We finish eating and move to the bedroom in a state that combines vacant lust and a disinclination to keep talking. As I start to go down on her, I remember that I began that way last time; tonight I should have taken a more concupiscent approach, to demonstrate creativity and to flatter her with the suggestion of passionate desire. Ten minutes later, engaged in coitus a posteriori, I find myself
watching as if from the side of the room. The perspective is cold and arousing, and I am handling the physiomechanics of the act with unusual confidence, until she says, “I need it rougher.”
So what is this? An artifact of childhood trauma? A vestigial need to revisit that dark nexus of sex and coercion, to touch some wound inside herself? Or is it the other way around: the memories of abuse at her father’s hands are masochistic fantasies, an ordinary kink misunderstood? I am not watching from the side anymore. I put my hand on the back of her head and push her face down. She makes an enthusiastic sound, or perhaps just a reflexive grunt. I am Donald now, and I give it to her, punish her for betraying me, for lying, for pretending to be a victim when she’s just a slut. And then I ejaculate, much too soon. She wants to kiss afterward, which is almost more than I can stand.
Cynthia is one of those children who, lacking some gene for adolescence, have not once worried or disappointed their parents. Her grades were never less than adequate, her demeanor never hostile, her behavior never self-destructive.
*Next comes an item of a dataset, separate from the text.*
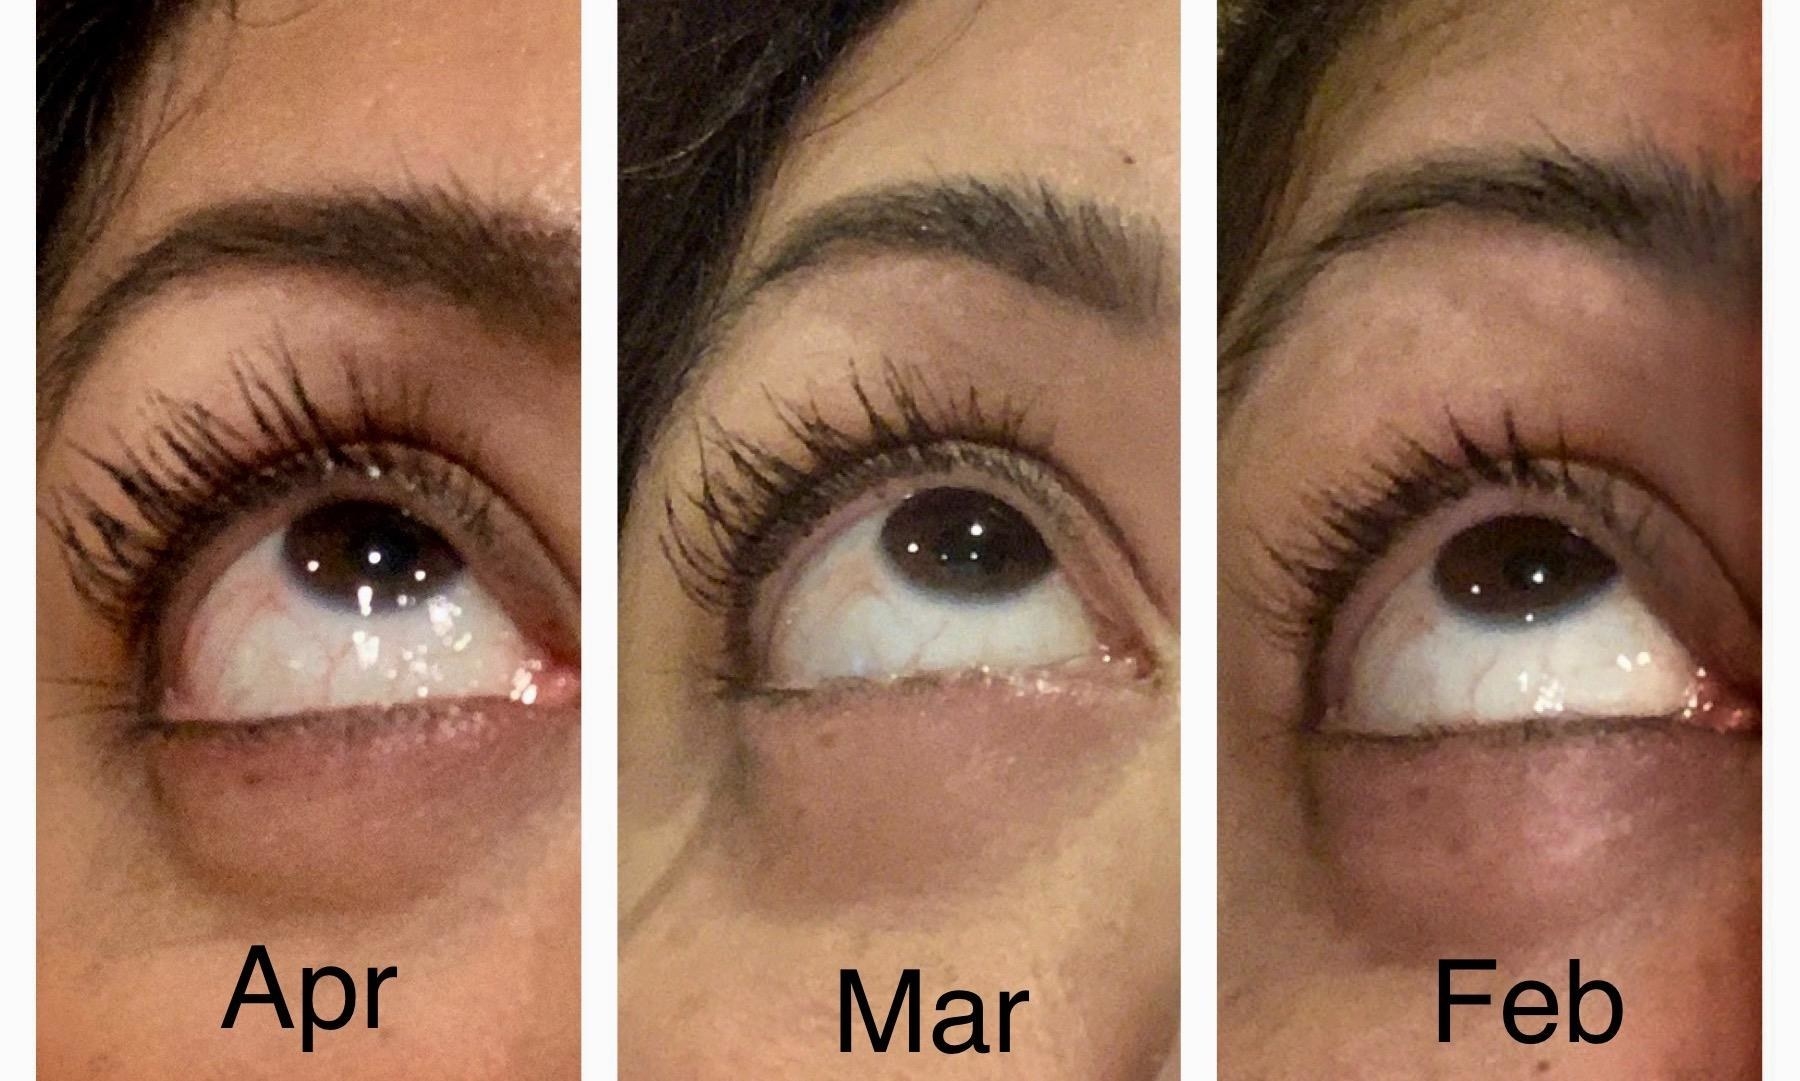 reviewer photo of their lashes in february, march, and april and you can tell that their lashes get longer and thicker looking as the months progress

Every friend was presented to Doug and Rose Gerney over the family dinner table. (They adored Danny Keach, who recognized that charming them was a station on the path into Cynthia’s heart and jeans.) She graduated college in four years and proceeded to obtain a skilled job. She flies home for major holidays and helps with the cooking. So it was a new experience for the Gerney family when Cynthia told her parents she’d decided that men just weren’t her thing.
She calls to give me the news. “I need to tell you about it,” she says. “Can I come after work?”
I make preliminary noises of regret: I’m speaking at this conference tomorrow and I’d like to go over some notes, take a bath, get an early night. But there’s an uncharacteristic insistence in Cynthia’s tone that makes me relent.